What Are the 3 Types of Data Loss Prevention?

Data Loss Prevention emerged to address the proliferation of data and is used to help organizations protect sensitive data, such as intellectual property and other business-critical data, from loss, damage, theft, and malicious abuse.

The three types of data loss prevention are:

  • Network DLP: This consists of security software and practices that monitor, track, and analyze activity across a network. Through network security, it tries to detect and prevent critical, confidential, or sensitive data from being exfiltrated through network traffic. In addition to inspecting network protocols, network DLP can discover sensitive information across various local and remote repositories (ex. Network share and MS Sharepoint Online), including databases.
  • Endpoint DLP: Endpoint DLP extends monitoring for data loss to endpoints such as mobile devices, IoT devices, laptops, desktops, and servers. Endpoint DLP is predominantly concerned with protecting data in use and data at rest.
  • Cloud DLP: Because the cloud is a storage location, cloud DLP is used to protect data at rest. In addition to the public cloud, this DLP can also protect data inside a private cloud run on a virtual server. 

How Does DLP Work?

DLP has to engage with many attack vectors and access points in its task of data loss prevention. In addition to leveraging encryption and user access control, here are the processes involved in making DLP work.

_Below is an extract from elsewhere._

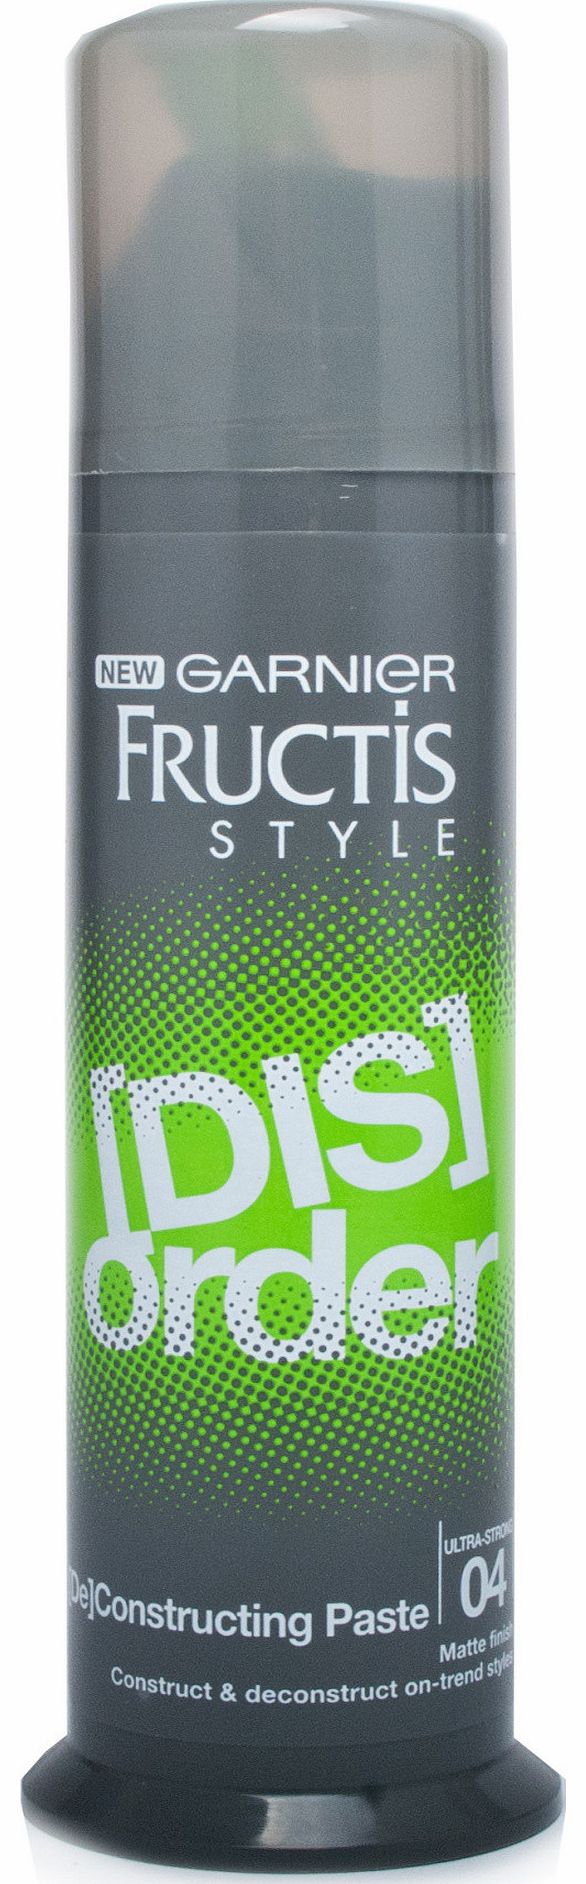 Fructis Garnier Fructis Style Disorder Paste

  1. Classifying data: Data classification is an important prerequisite for DLP. This includes labeling data in an organization’s possession into, say, public, sensitive, or internal classification levels.

    Because classification can be labor intensive, most DLP solutions provide automated data discovery and classification services. This technology can scan your data repositories to classify new data entering the organization’s infrastructure. 

  2. Establishing confidentiality levels: While DLP solutions provide classification features by default, you shouldn’t totally outsource this function. IT departments should assign data classification labels that make sense within the context of their data security.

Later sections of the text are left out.